• Status: Solved
  • Priority: Medium
  • Security: Public
  • Views: 3925
  • Last Modified:

Disk Read Bytes per sec, IOPS, and Disk reads per sec ?????

We are int he process of determining if we need a new san or not.  A tool was provided to me by netapp to measure the performance of our disk system.

Currently we have an Dell EMC AX100.

The specifications state that it can do

30,000 I/Os and 150MB per second w/ 11 7200 rpm sata drives

OK, so I ran this tool from netapp. It produces some graphs that show

X1 = Disk reads Per Sec
X2 = Disk Read bytes Per Sec
Y = Time

Their graph shows it topping out at with random reads at

130.00 Disk Bytes Per Sec
1600000.00 Disk Read bytes per sec

With a average of

40 - 60 Disk Bytes Per Sec
500000 - 700000 Disk Read bytes per sec

Now I am aware that Dell's AX100 numbers are on paper and do not represent live numbers.

But I'm missing how 30,000 I/Os and 150MB per second corresponds to Disk ready bytes and Disk read per sec.

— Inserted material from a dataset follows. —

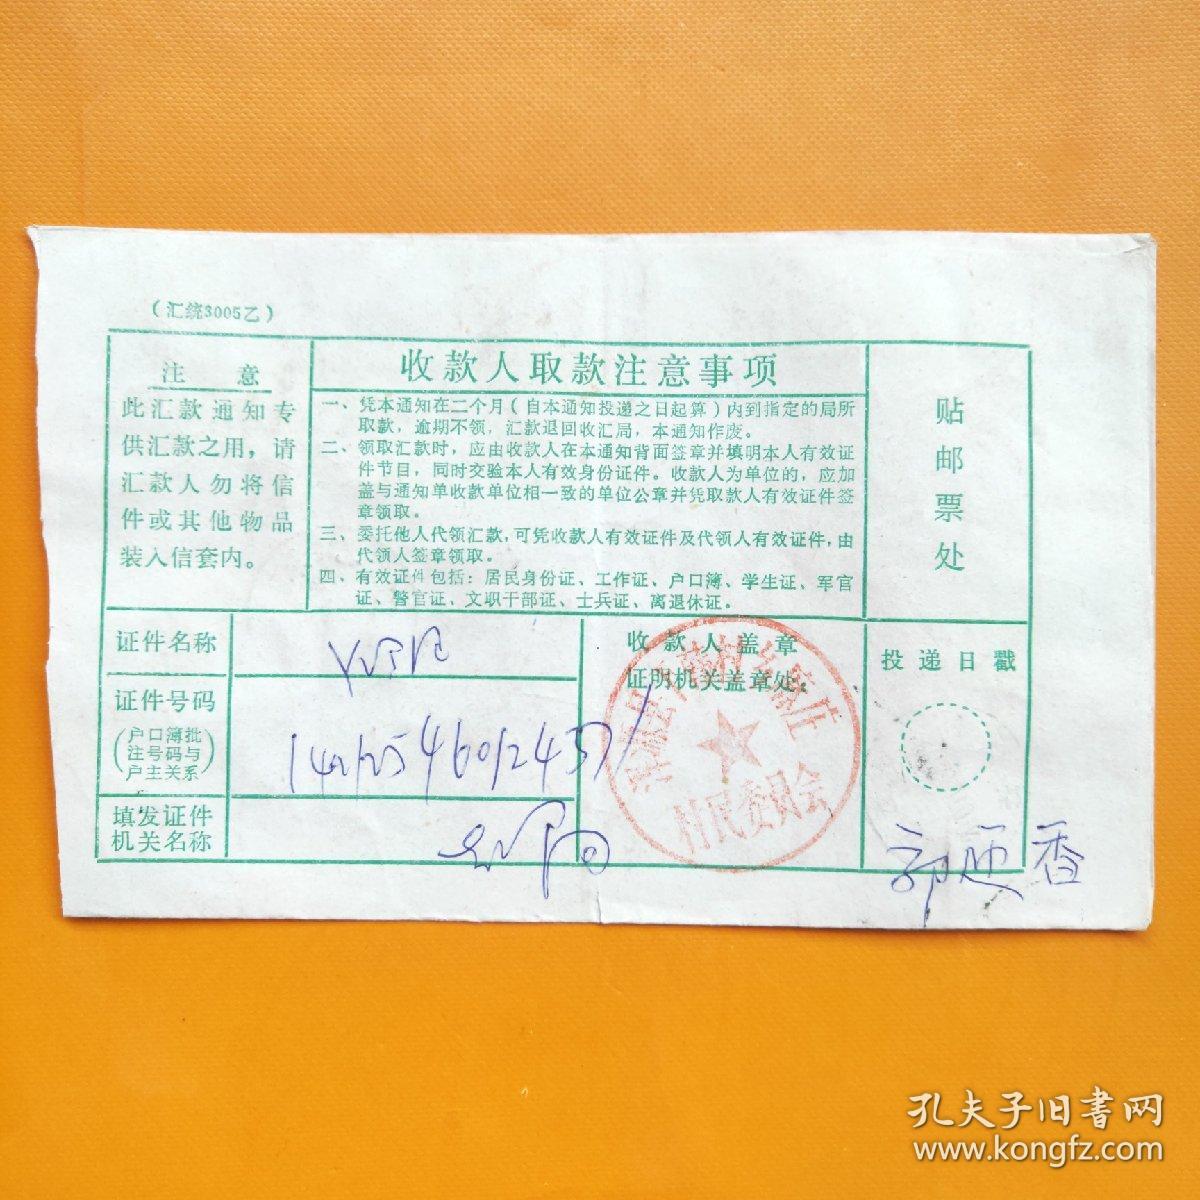 邮政汇款单dw4:2001年1月17日北京（九龙山邮政日戳）寄山西浑源汇款单

in closing we believe we're maxing out the disk performance of our san, but want to be clear on the numbers before I suggest a replacement.

Thanks in advance.

  • 2
  • 2
2 Solutions
the big picture is that benchmarks measure artificial loads that rarely represent YOUR combination of large and small block IOPs and throughput workloads per host and lun.

you need to approach the problem by determoning YOUR IO requitements.  all os have utilities to report Io Utilization.  use them. learn what you require, then learn where the bottlenecks are.

your problem is you are lookinng at solutions wo understanding what you need. it is like buying a vehicle based on horsepower ... without bothering to check whether you need a sports car, truck, or airplane.

kblackwelAuthor Commented:
Dear dlethe,

Then I have to ask,

I don't know if there's a way to determine how much IOPS we require for our situation.

We use our SAN for folder redirection of user profiles. I've been over this a few times and no one can tell me what our IOPS requirement would be. If you know a way to measure that with different users using different applications in a remote desktop environment, PLEASE let me know.

What I think I really have to work with now is determining where the bottle neck is.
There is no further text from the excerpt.